Culture/Redaction: This verse is also most likely a synopsis of Mormon’s source material, and it provides significant information about his editorial procedures. First, the coronation and reign of a new king would have been the most important political event of the period, no doubt reflected as such in the source document. Mormon does not omit it, but he almost certainly assigns it diminished importance. With due caution, we can work forward from Benjamin’s address and backward from Mormon’s summary to conjecture about Nephite/Zarahemlaite society at this point.
From Benjamin’s sermon, we know that he labored with his own hands to be sure that his people would not be oppressed. He was also very concerned about the social stratification created by wealth and instituted the new covenant, at least in part, to eliminate strife resulting from such stratification.
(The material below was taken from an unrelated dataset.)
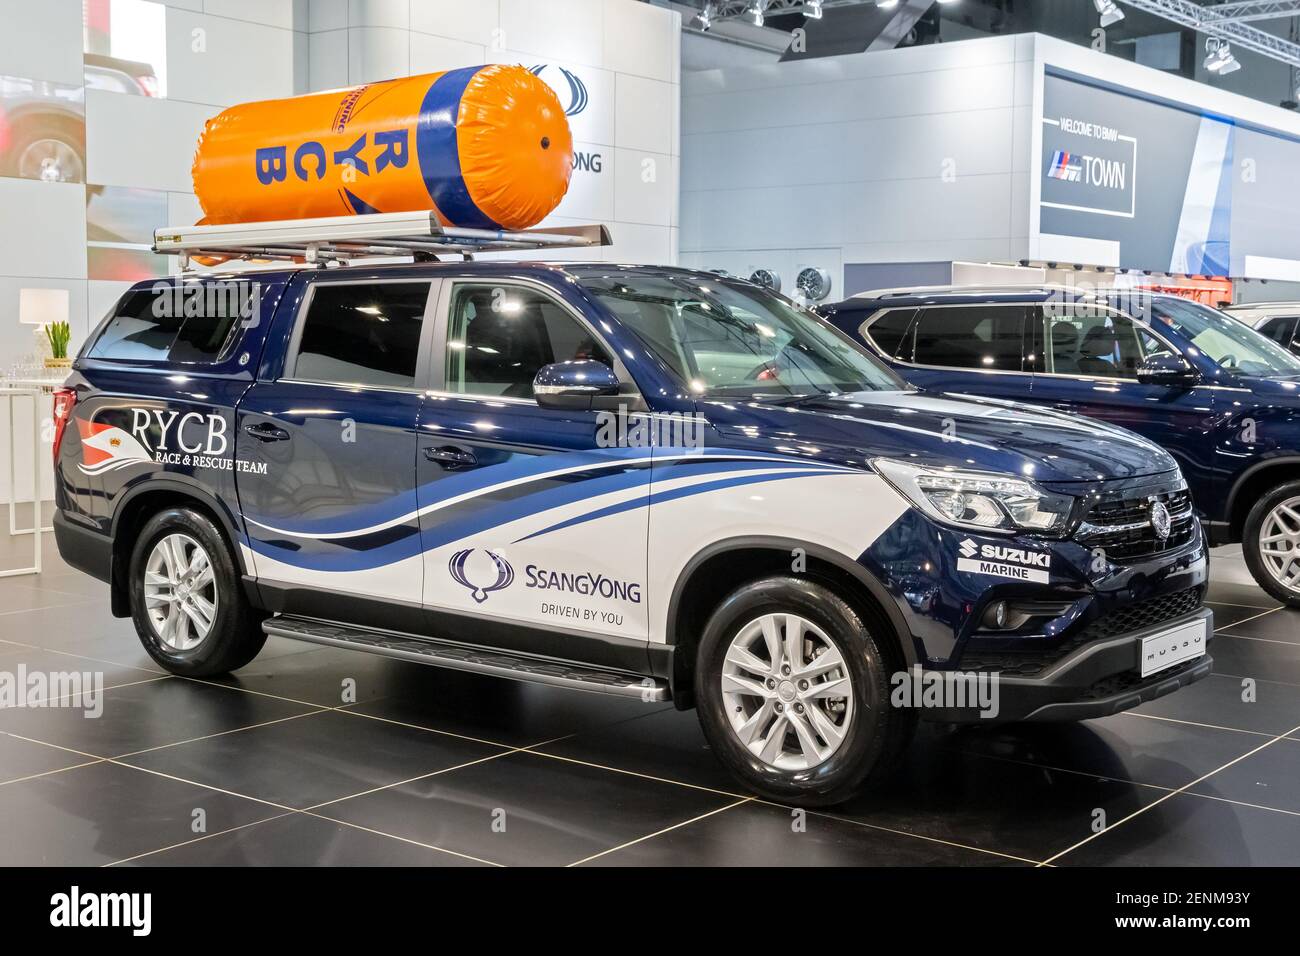 SsangYong Musso car at the Brussels Autosalon Motor Show. Belgium - January 18, 2019. Stock Photo
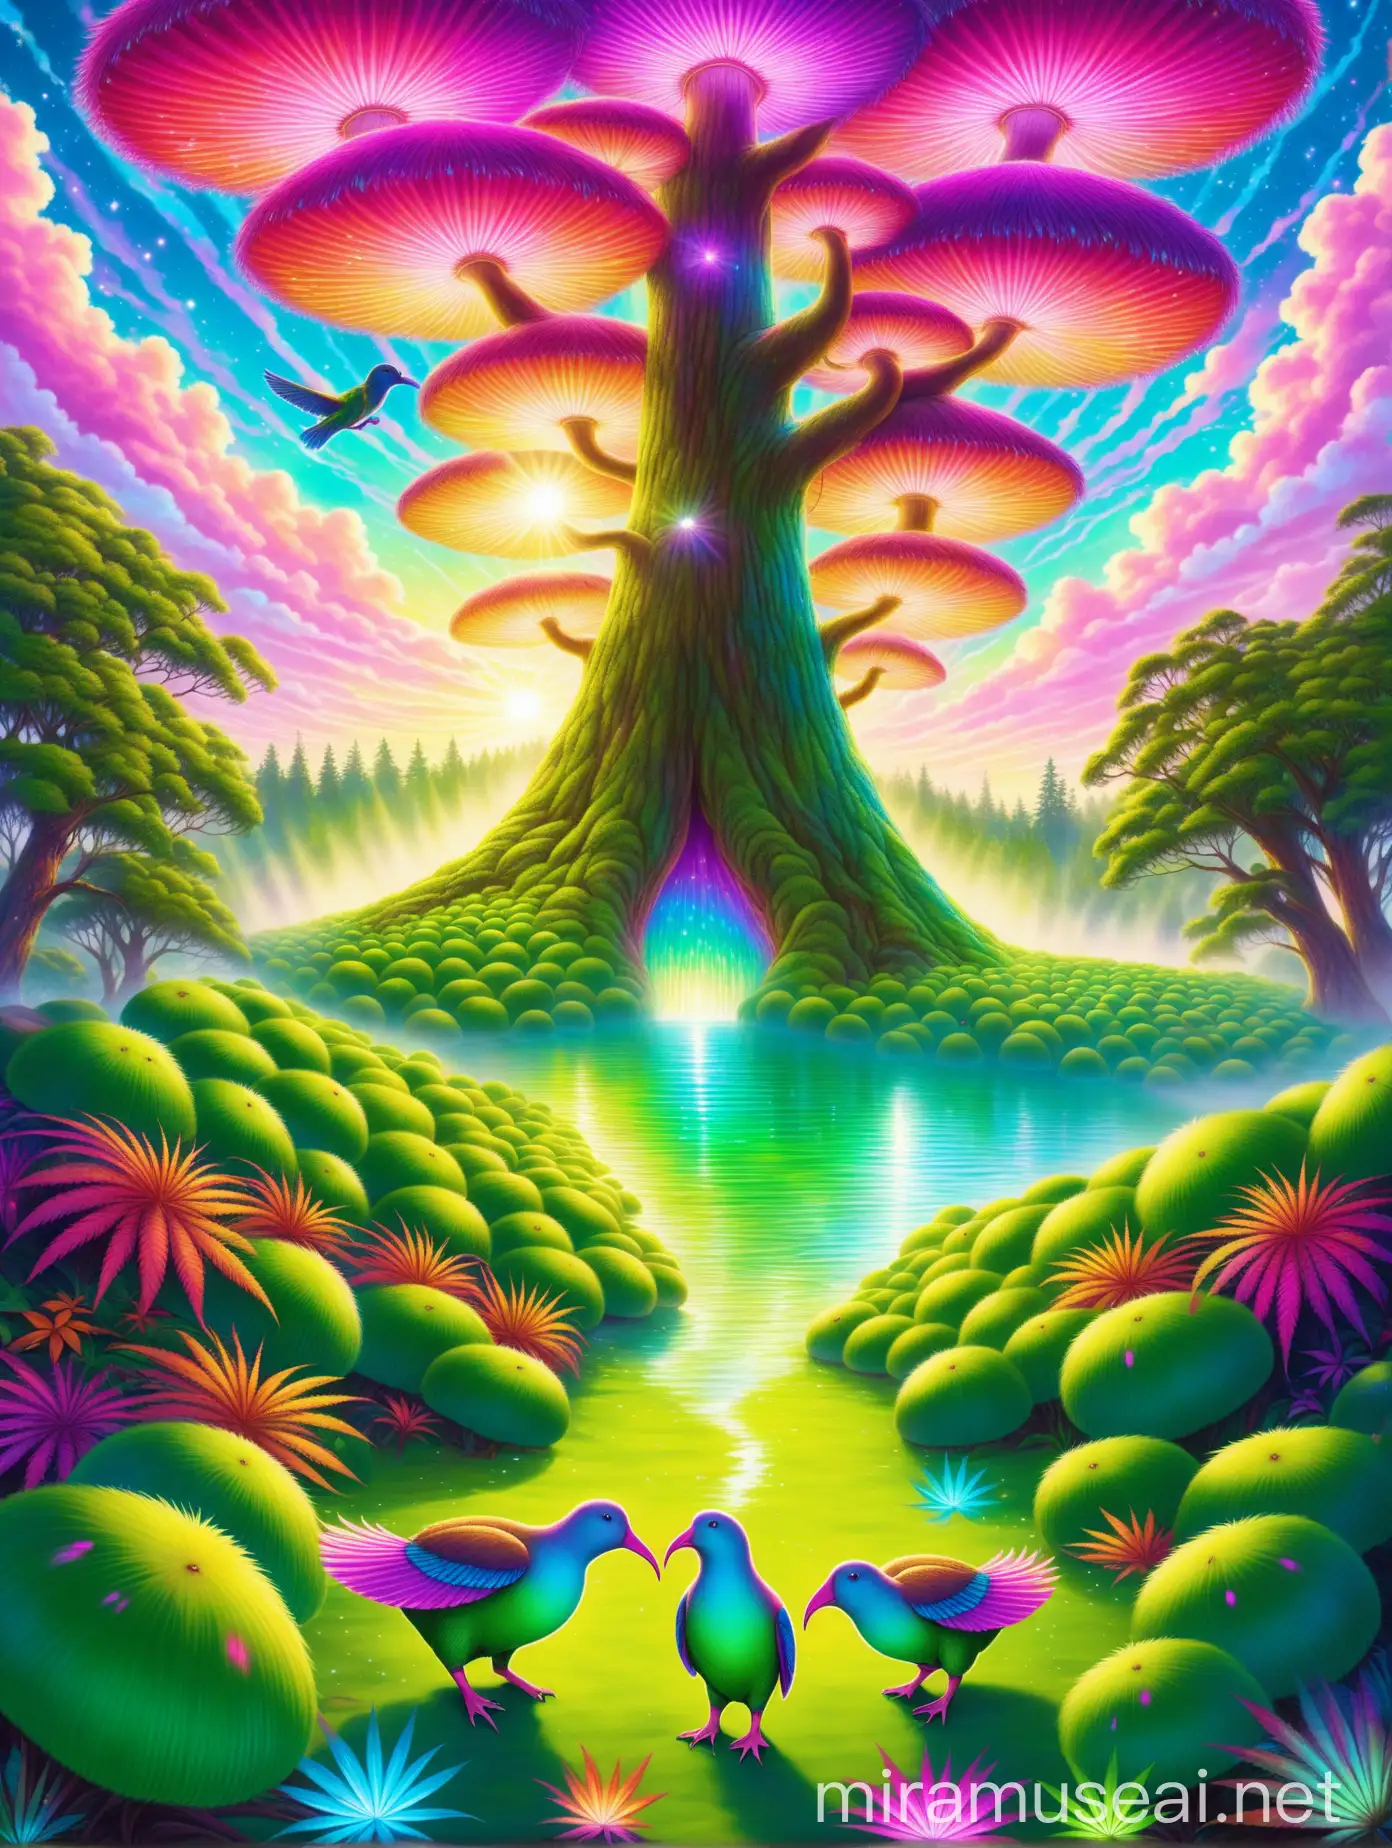 An enchanted forest in New Zealand, colourful kiwi birds with fur of pink and light green, , and fluffy platypusses, and giant trees, in great detail please. Realistic, early morning, A Psychedelic exotic female goddess in a field of cannabis, trippy, vibrant colors, sunshine, water, trees, cool clouds

No doubt, the historians who recorded events in after Benjamin’s sermon and during Mosiah’s early reign were keenly conscious of the social dimensions of the covenant. Thus, it seemed to have been important for them to record that the people, including Mosiah, tilled the soil. Since this society was an agricultural one, the information seems completely unremarkable. The Book of Mormon seldom mentions farming, harvests, or weather unless there was some kind of famine-causing disaster or to differentiate the Nephites from the “uncivilized” culture of the Lamanites (Enos 1:20-21). Why, then, would the original historians have recorded these events at all, and why, in particular, would they have impressed Mormon enough to include them?
It seems reasonable to me that the original writers were spelling out the social consequences of the social covenant. It is unlikely that every merchant or trader took up farming as an exclusive occupation; rather, farming symbolizes the social leveling that occurred when even the king would till the ground. Thus, while the three years of peace may have spelled, to the war-weary Mormon, a lack of armed conflict with their neighbors, the mention of tilling seems to describe a social reorganization that eliminated class stratification. If there is no social distance between the king and the peasant, then there is no distinction throughout the society. Thus, the political peace from armed conflict against the Lamanites is matched by internal peace as the people accept and implement the spiritual and social covenant.
Text: This verse closes a chapter in the 1830 edition, but the chapter break fits in a different organizational category than those Mormon created for Benjamin’s address. In this case, he is clearly beginning a new story: the expedition undertaken to find those who had returned to the land of Nephi years earlier.
This break may signal Mormon’s awareness that one major story has ended and another has begun, rather than the organization of his source. That material seems to have been organized year by year, rather than event by event, a known feature of at least later Mesoamerican documents. Many of the extant codices use year markers to separate scenes and actions. Perhaps the most interesting example is the “Anales de Cuauhtitlan” (Annals of Cuauhtitlan), translated into Spanish from a circa 1570 Nahuatl document. It is organized, as its name suggests, by the passage of time, covering hundreds of years. Typically, it announces a year, then summarizes events that occurred in that year. Several years are listed without any events. It would appear that the author of the “Annals of Cuauhtitlan” is copying the overall structure from a pre-Columbian document, else there would be no reason for the empty years. It suggests that structuring by years was a native literary tradition.
Such annual structure is less clear in the Book of Mormon, but the similarities are suggestive and become particularly marked during the reign of the judges. Apparently Mormon felt free to change the organizational structure of his source to meet his own literary needs.